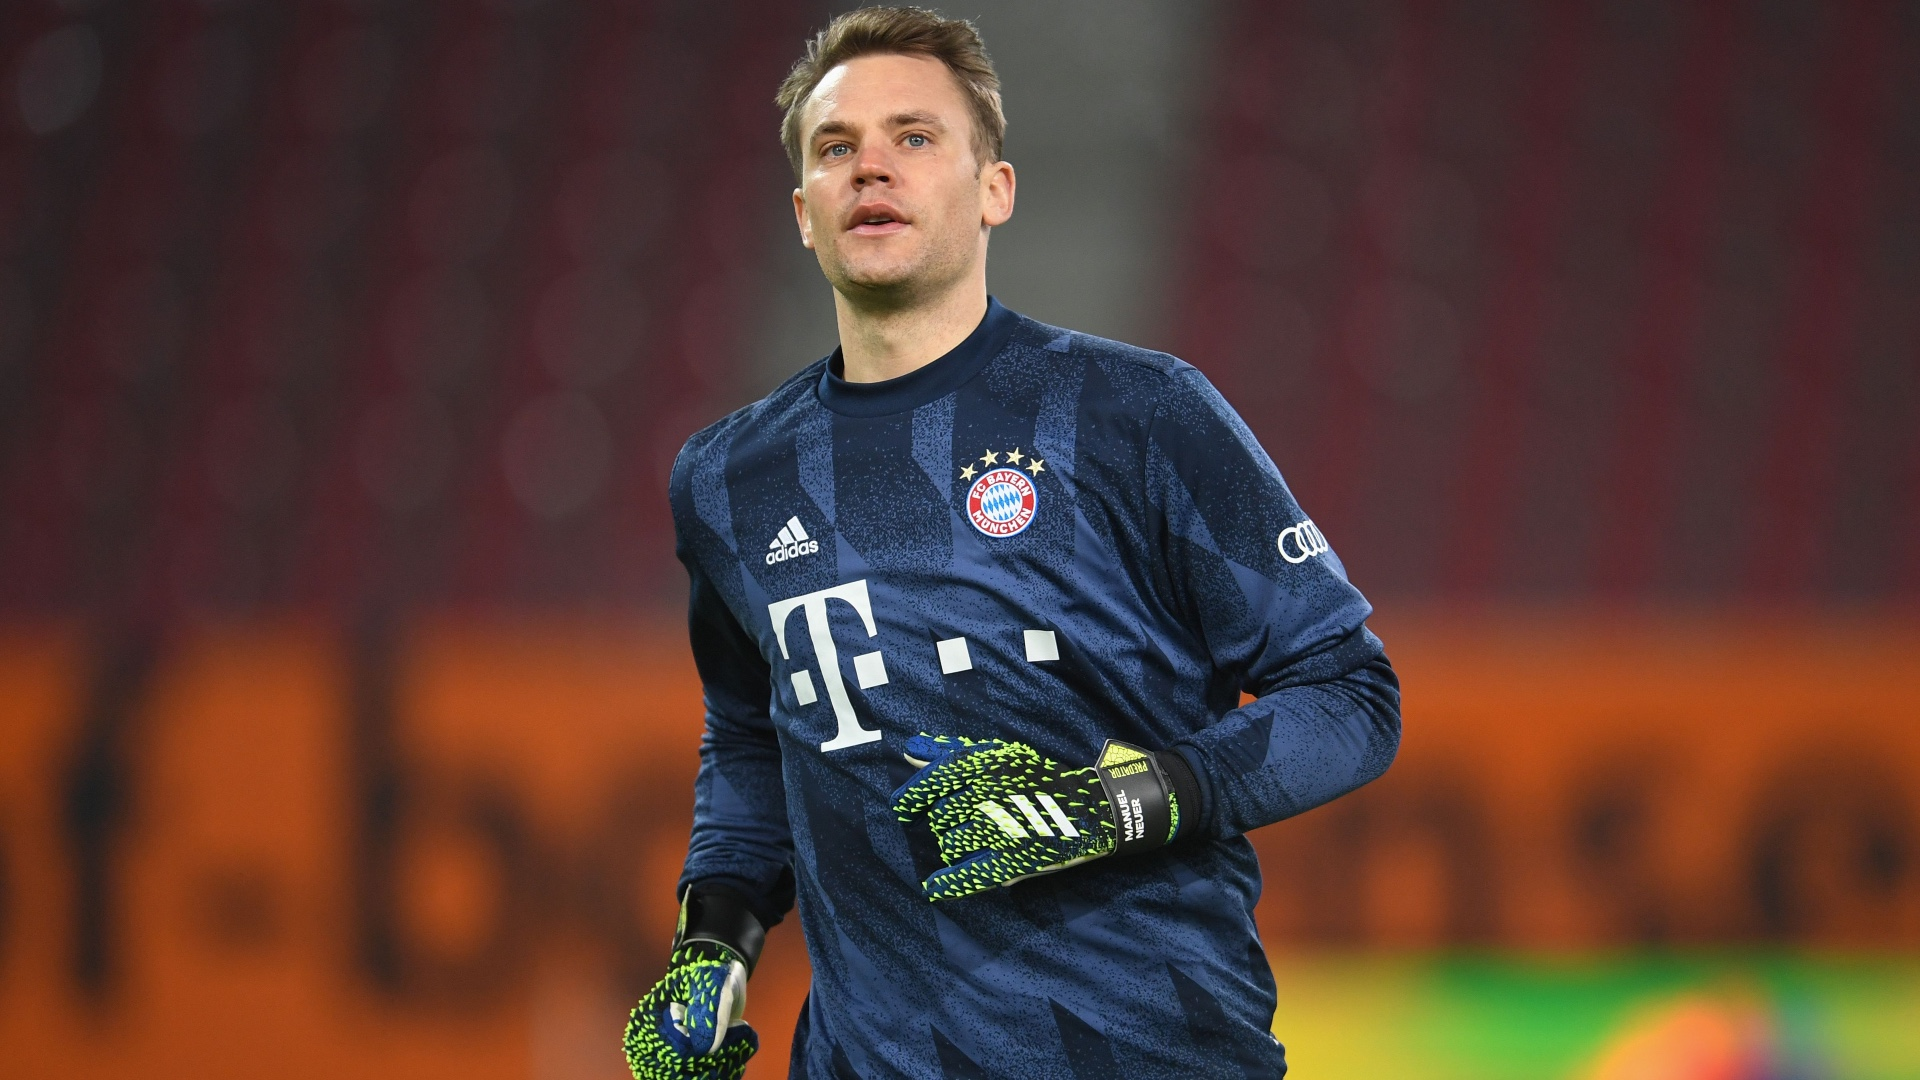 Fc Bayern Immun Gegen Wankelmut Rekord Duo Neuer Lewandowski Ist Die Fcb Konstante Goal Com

--

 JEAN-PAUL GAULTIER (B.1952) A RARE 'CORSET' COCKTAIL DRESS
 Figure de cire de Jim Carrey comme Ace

▶ About this exercise: Go through the material above and output exactly the lines from the one containing "JEAN-PAUL GAULTIER (B.1952)" through the one containing "Figure de cire de Jim Carrey comme Ace".

▶ Finished exercise:
 JEAN-PAUL GAULTIER (B.1952) A RARE 'CORSET' COCKTAIL DRESS
 Figure de cire de Jim Carrey comme Ace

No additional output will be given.